Take off and landing
—With new product launches coming up, Mike’s Hard Lemonade named Haworth Media its new media and planning agency.
—IPG Mediabrands made a few big personnel moves in the last week: Fiona Johnston, CEO of UM Australia, was named chief growth officer for global and EMEA and will be based in London. Separately, Rahel Rasu was hired away from DDB to be Mediabrands’ global chief communications officer.
—In a busy news week for IPG, its out-of-home media agency Rapport announced Rapport Beyond, a line of billboards that work to offset carbon emissions wherever they are located.

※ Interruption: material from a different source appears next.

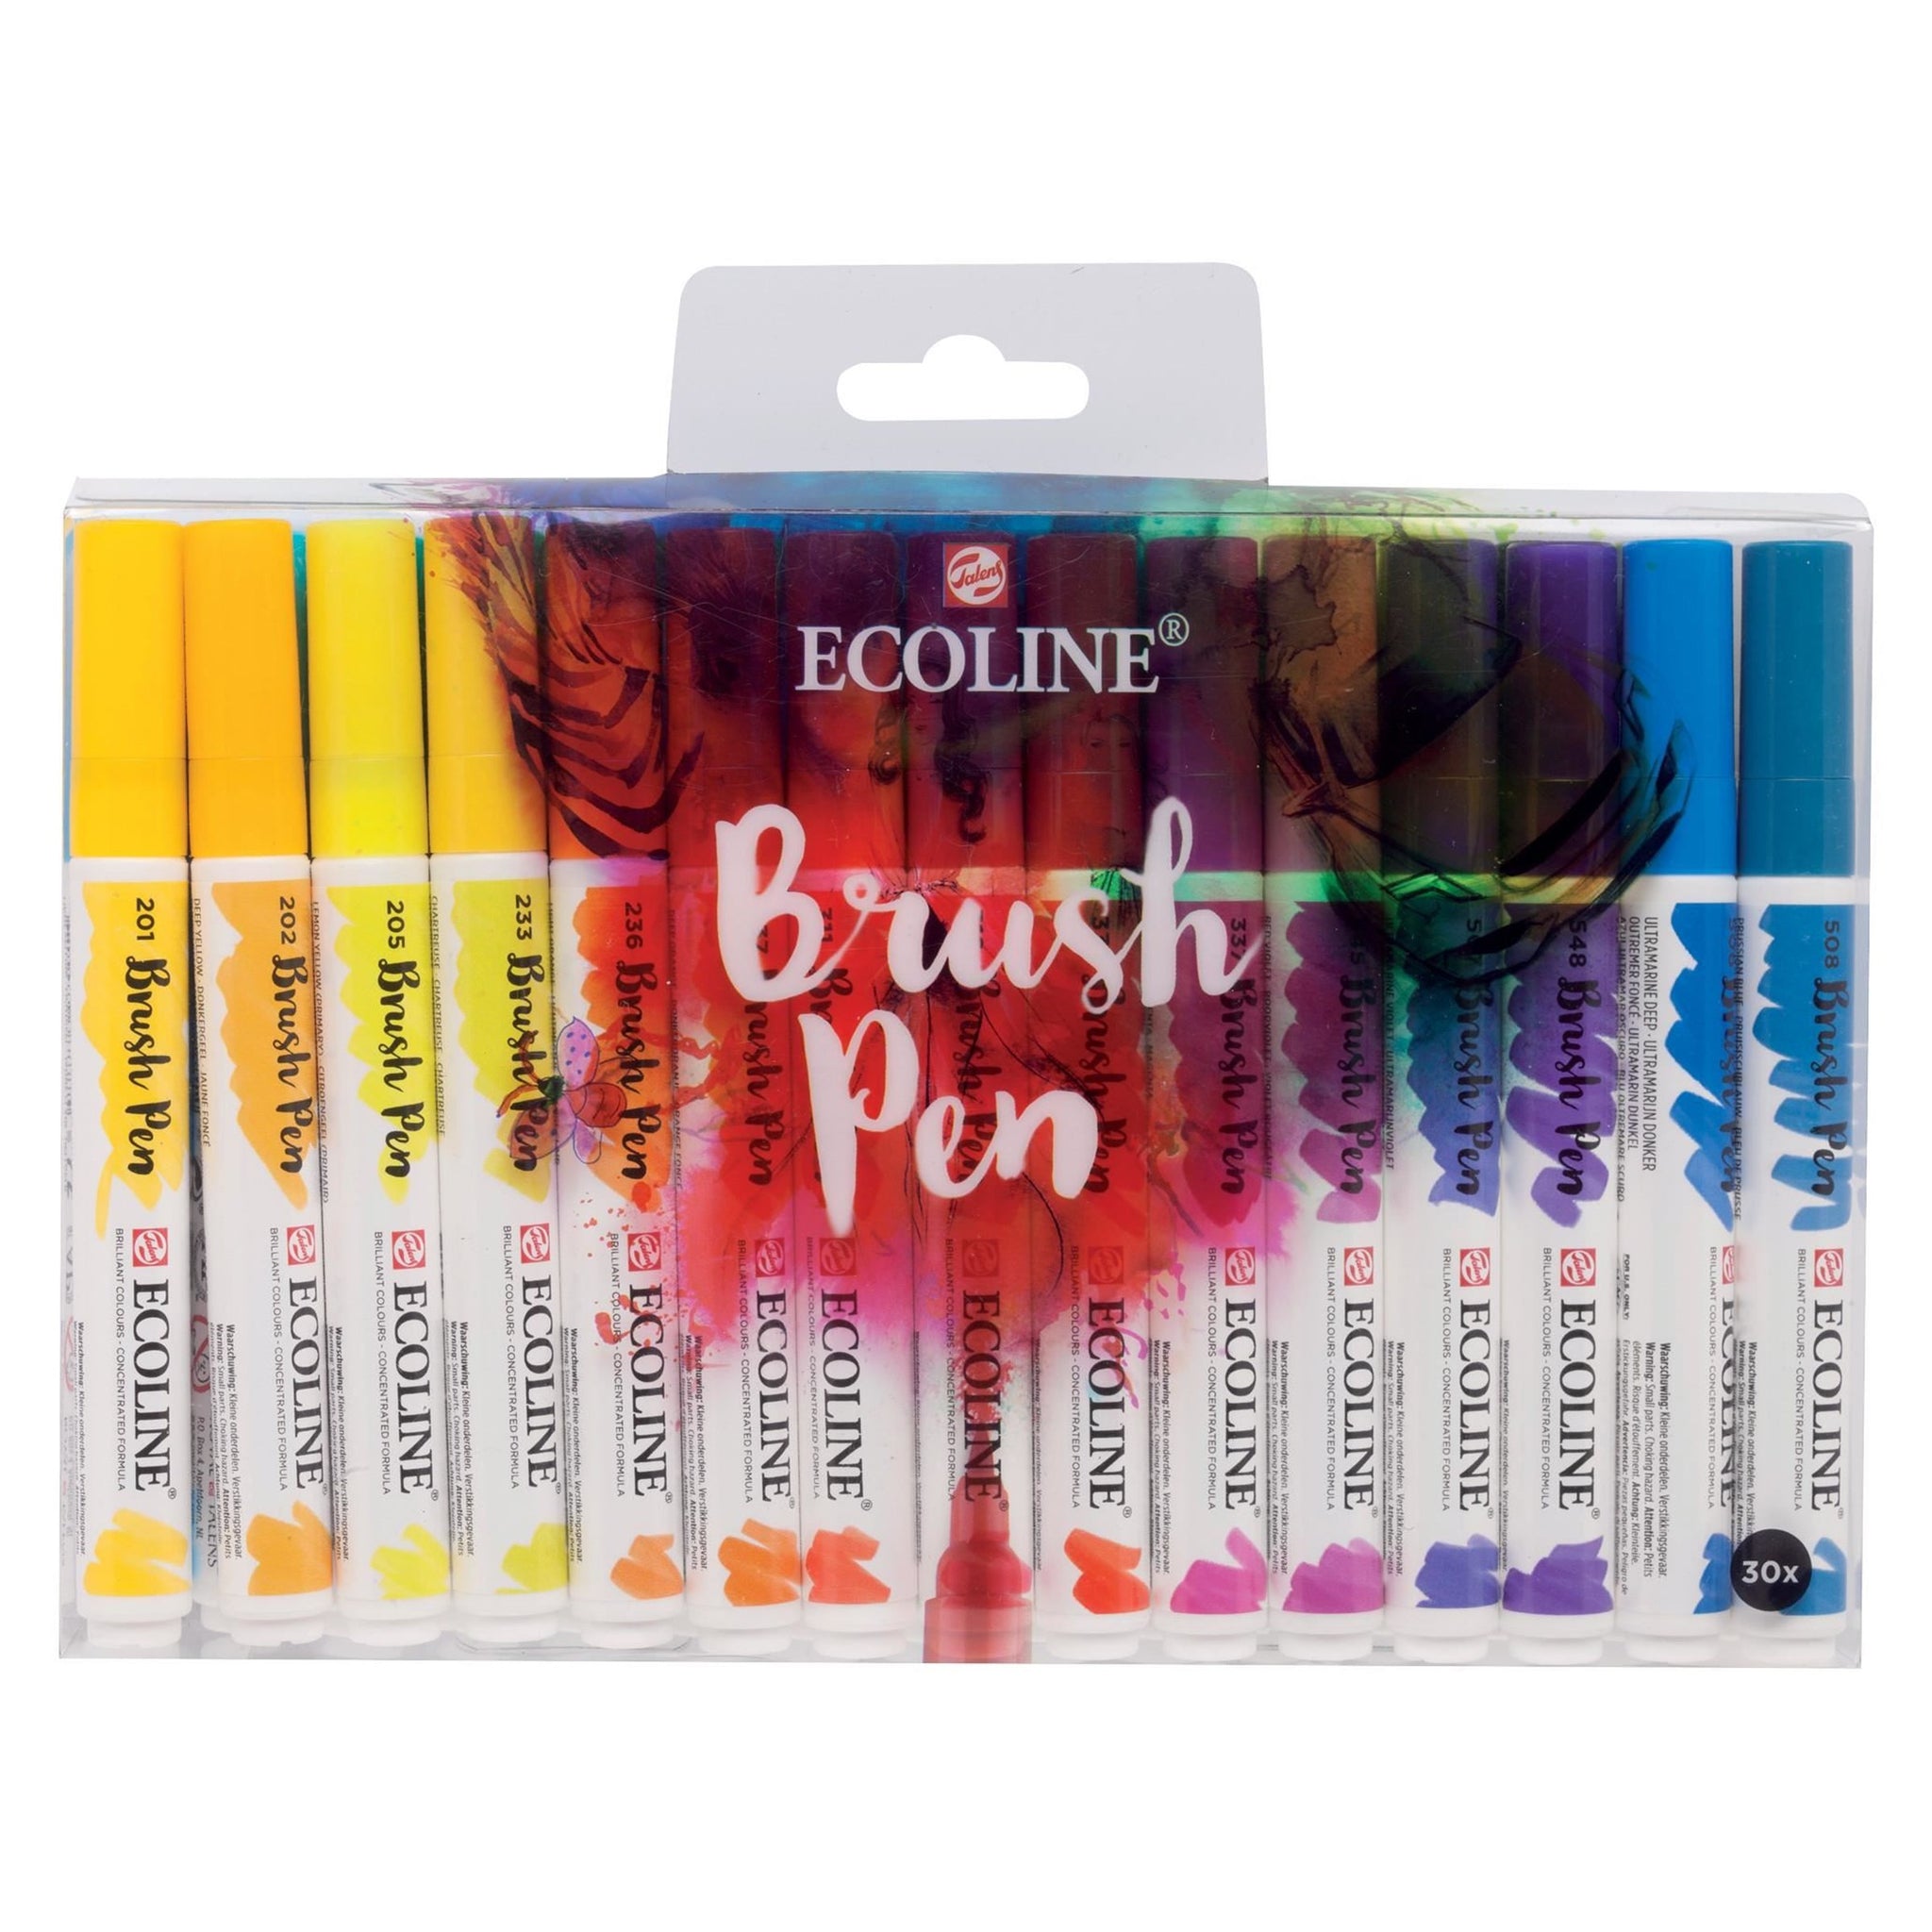 Sleutel Verblinding Abstractie Royal Talens Ecoline Watercolor Brush Pen, Basic Shades, Set of 30 – ARCH  Art Supplies

—VaynerMedia picked up media responsibilities for mall stalwart apparel company American Eagle Outfitters, which had previously worked with Dentsu’s 360i.
“I’m so excited about Clubhouse! I’ve been so impressed with how multicultural it is. And I think that’s going to be a real strength if it can stay that way. It can be a voice to so many people who might not ordinarily have easy access to a megaphone … I felt like all those voices were so legitimate, so knowledgeable and so authoritative. Clubhouse is going to put market research on its head. What soap operas did for TV, Clubhouse will do for audio.” — Media Kitchen CEO Barry Lowenthal talking about Clubhouse’s potential.
—Digiday’s Sara Guaglione, media reporter, and Kate Kaye, platforms data, privacy and reporter, rounded up the most interesting discussion points and quotes from Digiday Publishing Summit’s first day workshops, including fears around new identity approaches, struggles with programmatic during the pandemic, and TikTok’s value as a source of traffic for publishers.
—Digiday’s senior marketing editor Kristina Monllos looks at the gains Snapchat is enjoying especially with direct-to-consumer advertisers as the platform advances its targeting capabilities.
—Variety has two interesting stories on media buying: the first offers a breakdown of one of the first national addressable ad buys, executed on AMC with the help of Omnicom Media Group, and the second on NBC Universal setting April as the date it stops using TV ratings for all local media selling in favor of impression-based selling.